On Sep 19, 2006, at 16:50 , Wesley Craig wrote:

> On 19 Sep 2006, at 12:14, Brandon S. Allbery KF8NH wrote:
>> (b) can you reliably record *and later restore* the state at *all*  
>> of those levels?
>
> So, you're arguing that backup and restore don't work?  Is that  
> because of the quantum effects you mention?

I'm saying in (hopefully) rare cases it could matter.  But even in  
the general case your machine's state can involve more than just the  
disk, and unless you're doing extra work the backups only save the  
state of the disk.

--

-- 
brandon s. allbery    [linux,solaris,freebsd,perl]     allbery <at> kf8nh.com
system administrator [openafs,heimdal,too many hats] allbery <at> ece.cmu.edu
electrical and computer engineering, carnegie mellon university    KF8NH
Tracy R Reed | 20 Sep 2006 00:31

Re: state machines


I have been following this thread (and this list) for a few months 
trying to glean wisdom from the gurus and have managed to keep quiet 
thus far but this message tickled me.

Wesley Craig wrote:
> On 19 Sep 2006, at 12:14, Brandon S. Allbery KF8NH wrote:
>> (b) can you reliably record *and later restore* the state at *all*  
>> of those levels?
> 
> So, you're arguing that backup and restore don't work?  Is that  
> because of the quantum effects you mention?

I'm not sure if you are joking here or not. If a photon hits your 
computer the quantum state of the computer is changed. I, for one, don't 
care about that as far as my software goes. Unless it gets to the point 
where my computer melts. But then I have problems other than software.

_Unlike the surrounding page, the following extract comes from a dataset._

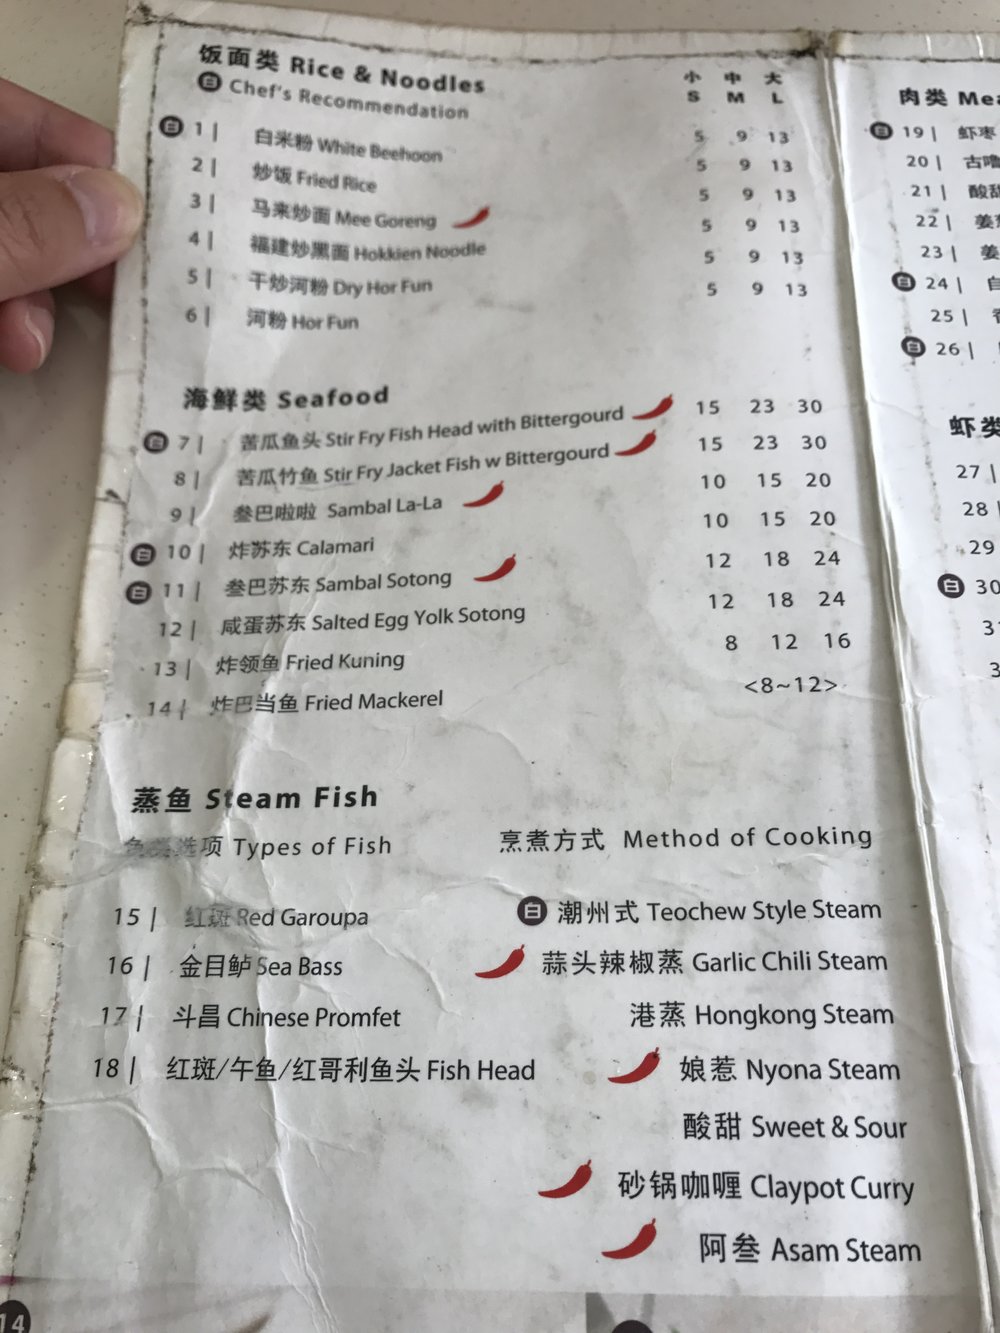 White Restaurant's menu

> It's like the entire history of computing is wrong.  How do you  
> practically deploy a few hundred machines, given that the theory more  
> or less says that it's impossible?

Theory may say it is impossible to do it *perfectly* but in practice all 
most of us need is "good enough" and that is the only thing that allows 
any of us to actually get any real work done.

--

-- 
Tracy R Reed                  http://ultraviolet.org
A: Because we read from top to bottom, left to right
Q: Why should I start my reply below the quoted text
(Continue reading)

Wesley Craig | 20 Sep 2006 04:42
Picon

Re: state machines

On 19 Sep 2006, at 18:31, Tracy R Reed wrote:
> Wesley Craig wrote:
>> On 19 Sep 2006, at 12:14, Brandon S. Allbery KF8NH wrote:
>>> (b) can you reliably record *and later restore* the state at  
>>> *all*  of those levels?
>> So, you're arguing that backup and restore don't work?  Is that   
>> because of the quantum effects you mention?
>
> I'm not sure if you are joking here or not. If a photon hits your  
> computer the quantum state of the computer is changed. I, for one,  
> don't care about that as far as my software goes. Unless it gets to  
> the point where my computer melts. But then I have problems other  
> than software.

I guess you can say I'm joking.  I'm pretty sure that backup &  
restore work in most cases.  Brandon seemed to be saying that backup  
& restore don't work.  I'm perfectly willing to discuss the edge  
cases where backup & restore are imperfect, just so long as we can  
acknowledge that we're doing backups *so that we can restore*.  And  
that we're going through the pain of backing up because restores *do  
work*, where "work" is defined as accomplishing something useful in  
the realm of managing systems.

> Theory may say it is impossible to do it *perfectly* but in  
> practice all most of us need is "good enough" and that is the only  
> thing that allows any of us to actually get any real work done.

Amen.

:wes
(Continue reading)

Brandon S. Allbery KF8NH | 20 Sep 2006 04:46
Picon
Favicon

Re: state machines


On Sep 19, 2006, at 22:42 , Wesley Craig wrote:

> On 19 Sep 2006, at 18:31, Tracy R Reed wrote:
>> Wesley Craig wrote:
>>> On 19 Sep 2006, at 12:14, Brandon S. Allbery KF8NH wrote:
>>>> (b) can you reliably record *and later restore* the state at  
>>>> *all*  of those levels?
>>> So, you're arguing that backup and restore don't work?  Is that   
>>> because of the quantum effects you mention?
>>
>> I'm not sure if you are joking here or not. If a photon hits your  
>> computer the quantum state of the computer is changed. I, for one,  
>> don't care about that as far as my software goes. Unless it gets  
>> to the point where my computer melts. But then I have problems  
>> other than software.
>
> I guess you can say I'm joking.  I'm pretty sure that backup &  
> restore work in most cases.  Brandon seemed to be saying that  
> backup & restore don't work.

You are misunderstanding; they work for what they do, but you'd best  
be aware of the parts of your infrastructure that aren't represented  
by local disk.  The recent mention of dependency on CNAMEs was a  
better example of what I was getting at.

--

-- 
brandon s. allbery    [linux,solaris,freebsd,perl]     allbery <at> kf8nh.com
system administrator [openafs,heimdal,too many hats] allbery <at> ece.cmu.edu
electrical and computer engineering, carnegie mellon university    KF8NH
(Continue reading)

Wesley Craig | 20 Sep 2006 04:51
Picon

Re: state machines

On 19 Sep 2006, at 22:46, Brandon S. Allbery KF8NH wrote:
> You are misunderstanding; they work for what they do, but you'd  
> best be aware of the parts of your infrastructure that aren't  
> represented by local disk.  The recent mention of dependency on  
> CNAMEs was a better example of what I was getting at.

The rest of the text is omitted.